Itching to get your hands on your student’s application essay or personal statement essay? Just once?

Don’t do it. 

Your child’s essay may be deeply personal. Unless your child offers you a share in the review, remain as hands-off during this process as possible.

What you can do: Go over the “rules” beforehand. You don’t want to be the parent who says, “Oh, by the way, don’t repeat any other part of the application, like your awards, grades or test scores. You’ve already reported those” — after your child wades through the essay.)

You’ll hear, “Mooo-om! That’s the whole third paragraph!”

Instead, intervene at the beginning if you want to help with the college essay — read this first!

1. What’s unique?

You know your child better than anyone else. You know what makes him tick (oooh, get rid of clichés!) 

He shouldn’t write about what he thinks will impress a scholarship committee or admission committee. 

In other words, your child shouldn’t write about world hunger if it’s not his thing. Let’s say his thing is caring for animals. Does he get up at dawn every day to birth calves with the veterinarian next door?

He should write about cow placentas if his life is all about cow placentas! Admission committees want to hear about unique interests. 

Can your child think of something unique — besides football, soccer or school subjects? (Overused topics.)

Maybe your daughter’s an Origami wizard. Maybe your son overcame OCD. 

Get your child thinking about his own passions — and how to craft these ideas in his own voice.

2. Writing can’t suck.

Obviously. It’s got to be interesting. Check out this intro:

Let’s acquaint. Born in New York City, I grew up filthy on the streets. Snowflakes landed on my dà pán jī and my sleeping bag in synchronicity. Mrs. Ming at Hou Yi fed me six times a day and I learned to swear in Chinese.

Just kidding. I grew up in Greenwich — privileged, yes, but check this out. I’m typing this essay with my toes. That’s right — no arms!

Wow, doesn’t that get your attention? 

Compare this to the first two sentences of my own autobiography (I wrote it in fourth grade): 

I was born on a cold, windy day in November. I was a greenish color and I cried when I was born. 

ZZZZZzzz. 

High schoolers sometimes can’t kick the passive voice because it’s easier.

Plus, bad English teachers + maxing out word count = raging passive voice.

How do you make sure your kid writes unlike he speaks? We all speak passively, and not everyone writes well. Remember those old summer vacation essays?

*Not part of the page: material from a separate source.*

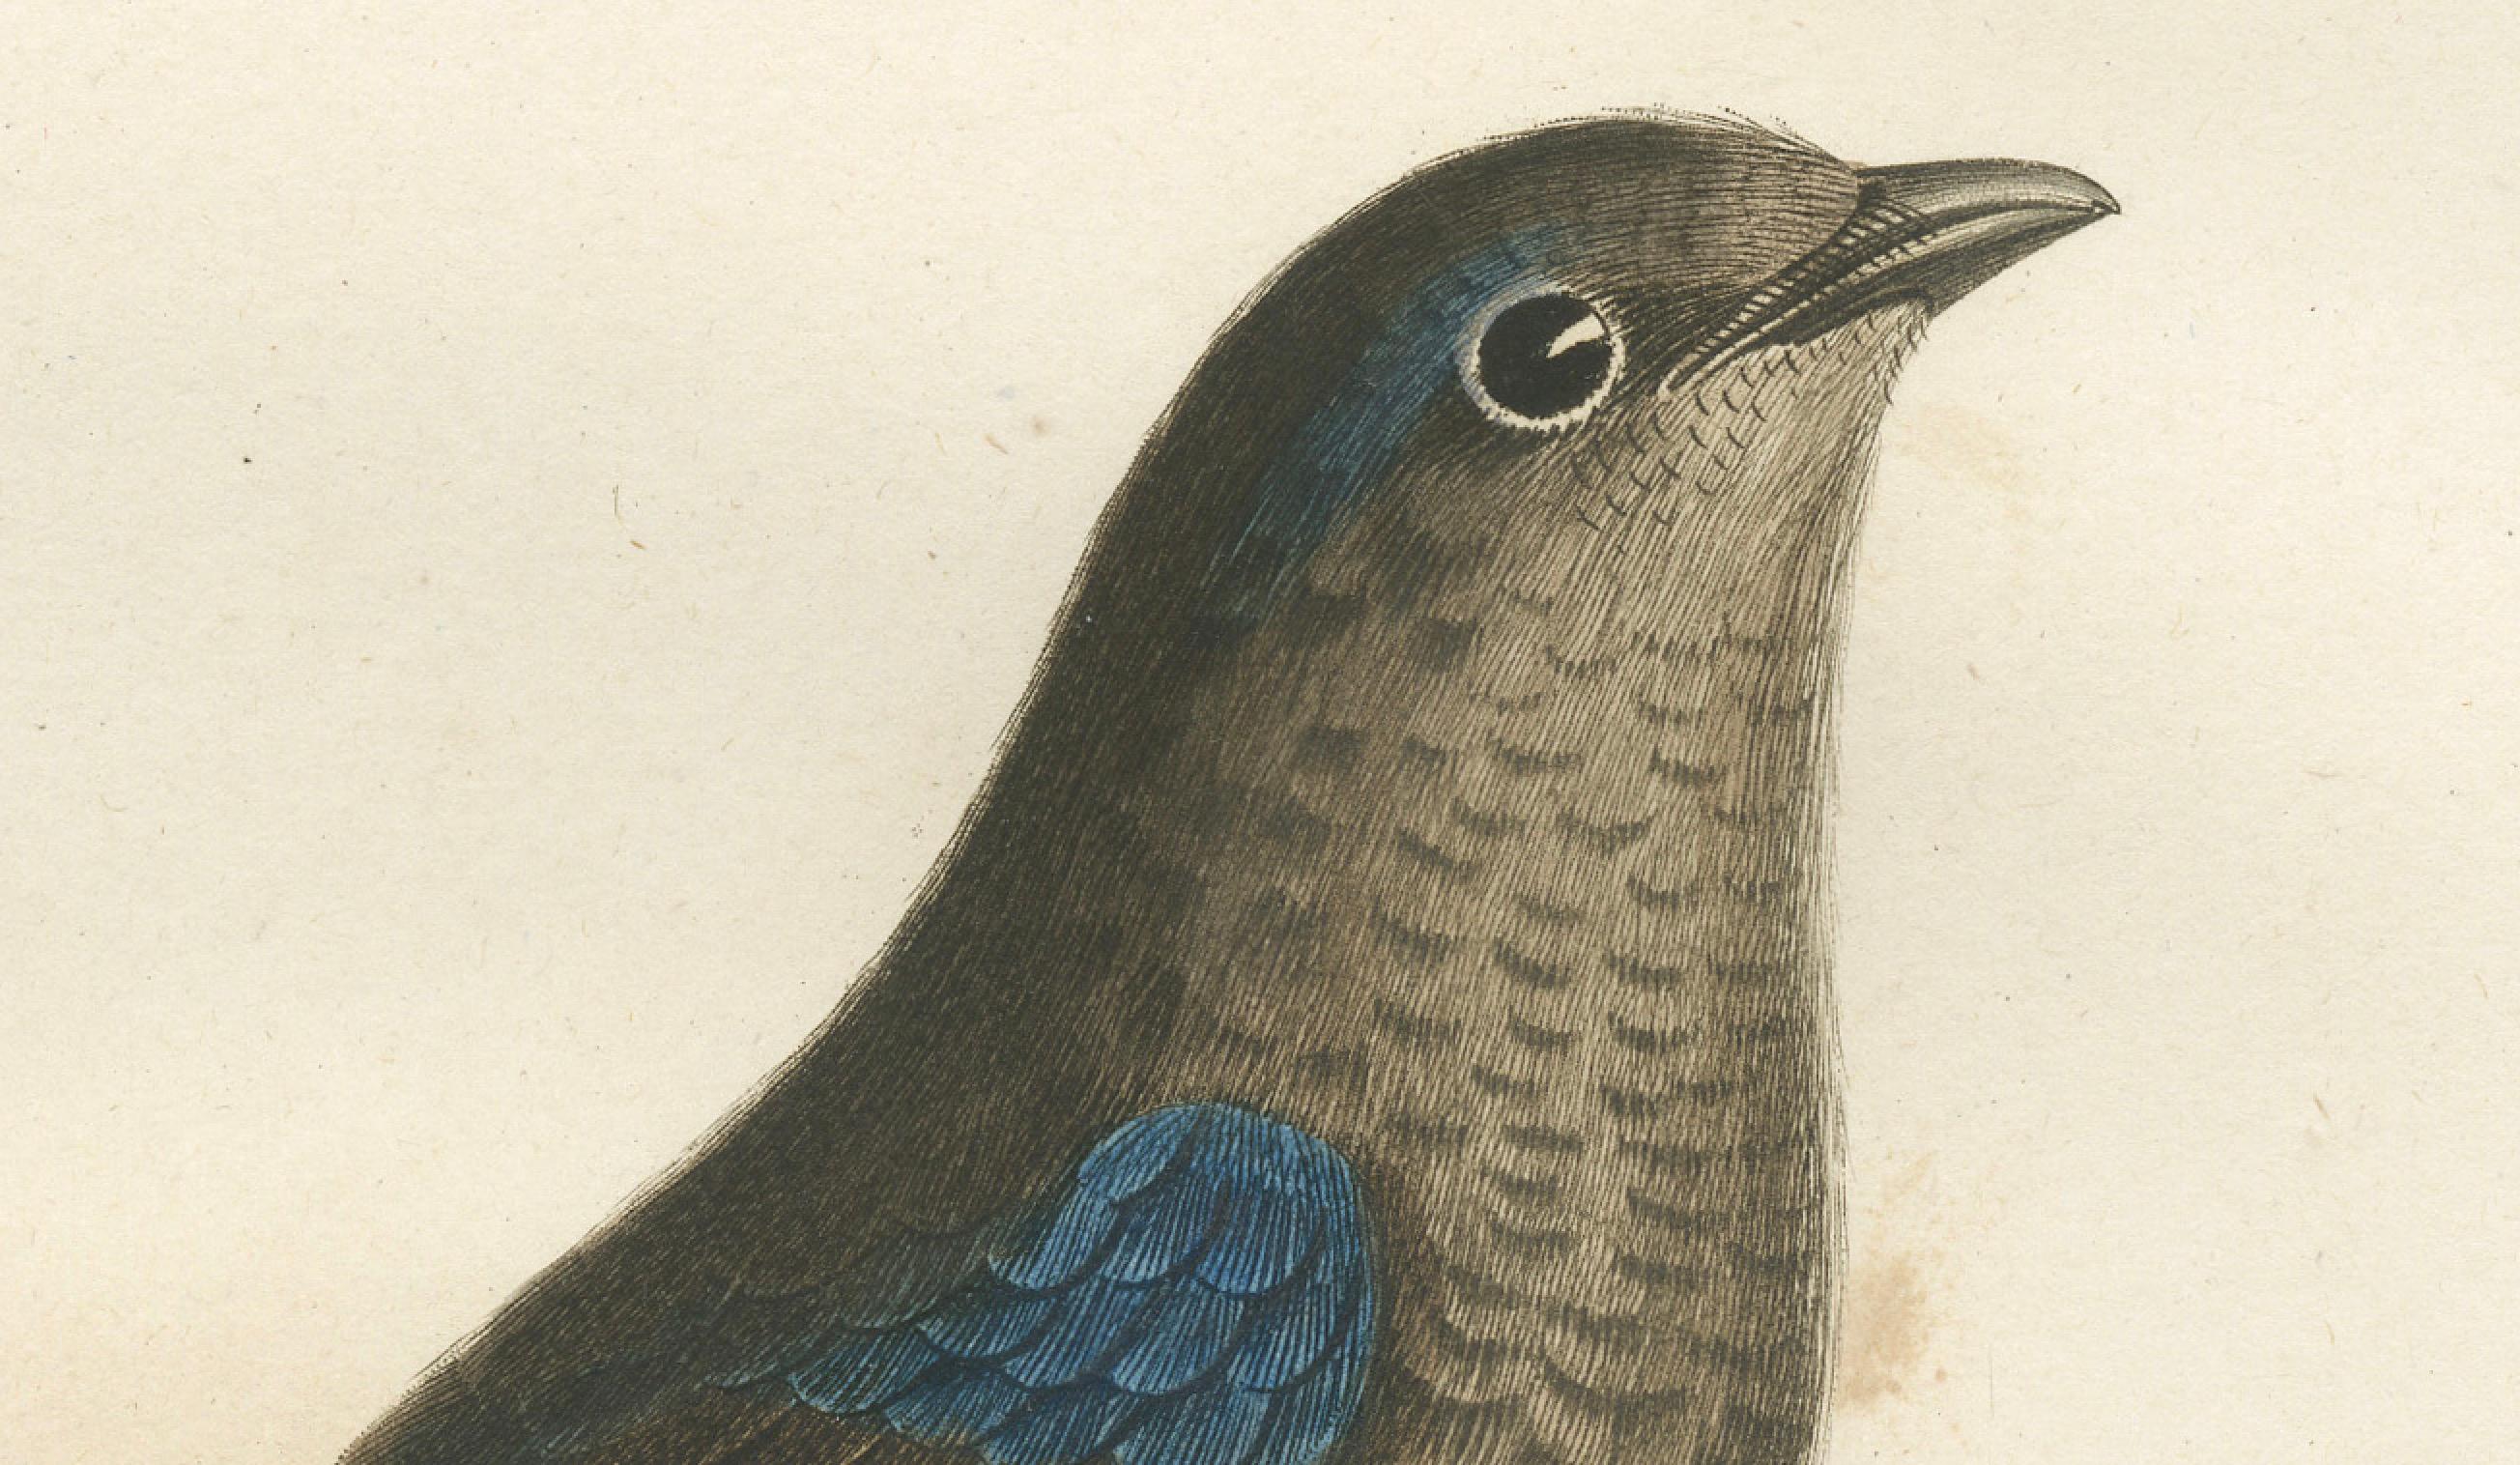 This exceptional antique bird print, entitled

“We were on our summer vacation and Cape Cod was the only place I wanted to be.”

Yikes.

Get rid of clichés in your own speech and remind your high schooler. By the way, your child should strike anything redundant (extra words — yuck!) and ambiguous (give concrete details!).

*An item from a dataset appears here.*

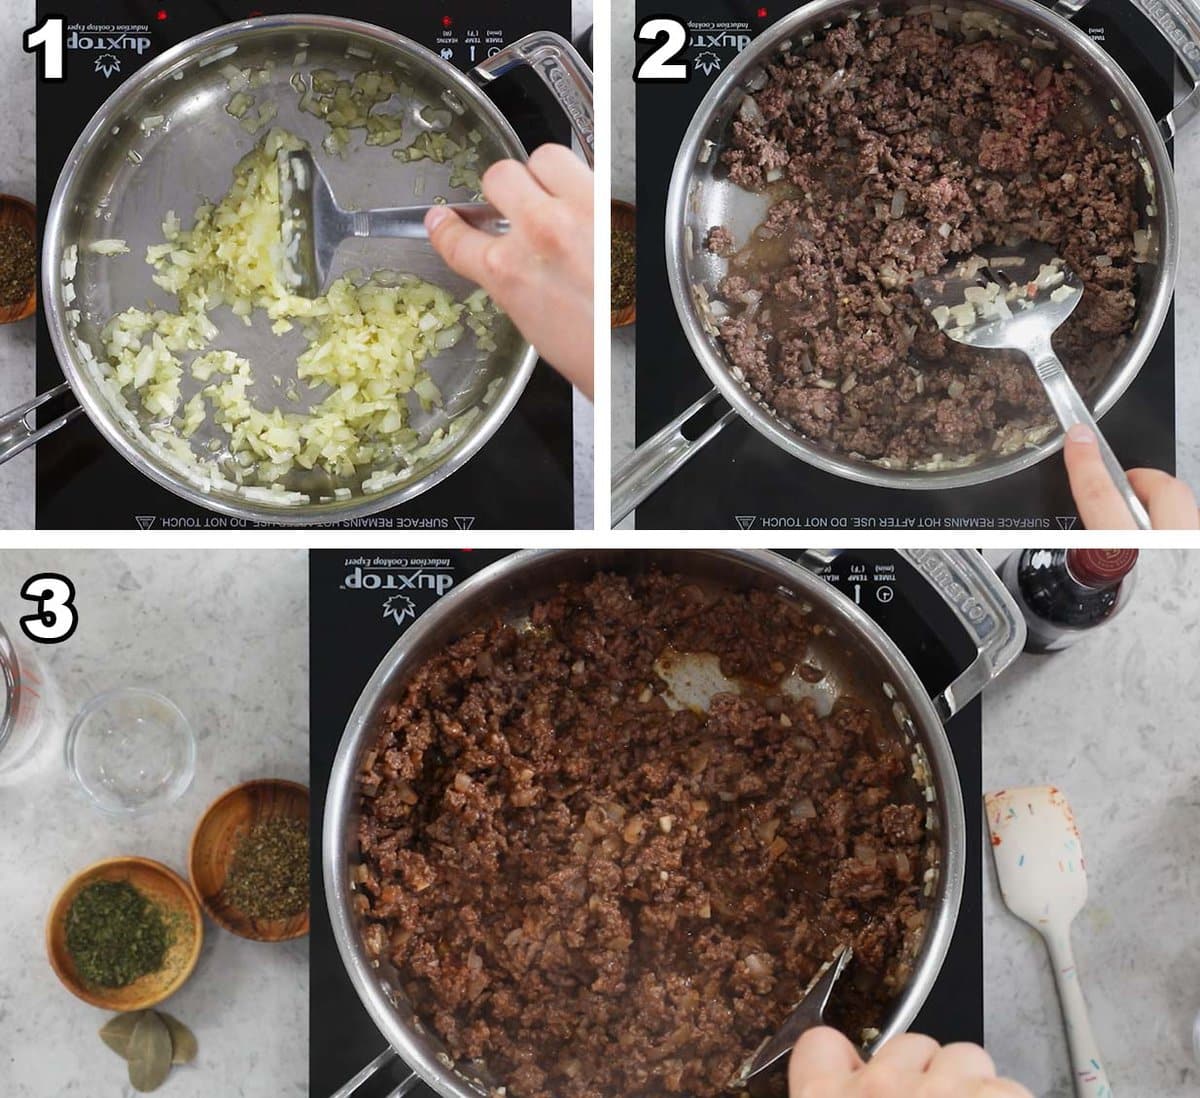 Three photos showing onion and garlic cooking in a pot before ground beef is added and browned.

3. Get someone else on board ahead of time.

Ask to critique his work and your kid looks at you, buggy-eyed, like you suggested staring at elephant poop. “Mom, you’re an insurance agent, not an English professor. Please sit this one out.” 

Sound familiar?

Get a third party involved wayyyy in advance, preferably someone who knows really good writing. Ask your copywriter friend, your child’s English teacher — someone other than you or your partner. 

(Even if you know your writing skills sparkle!)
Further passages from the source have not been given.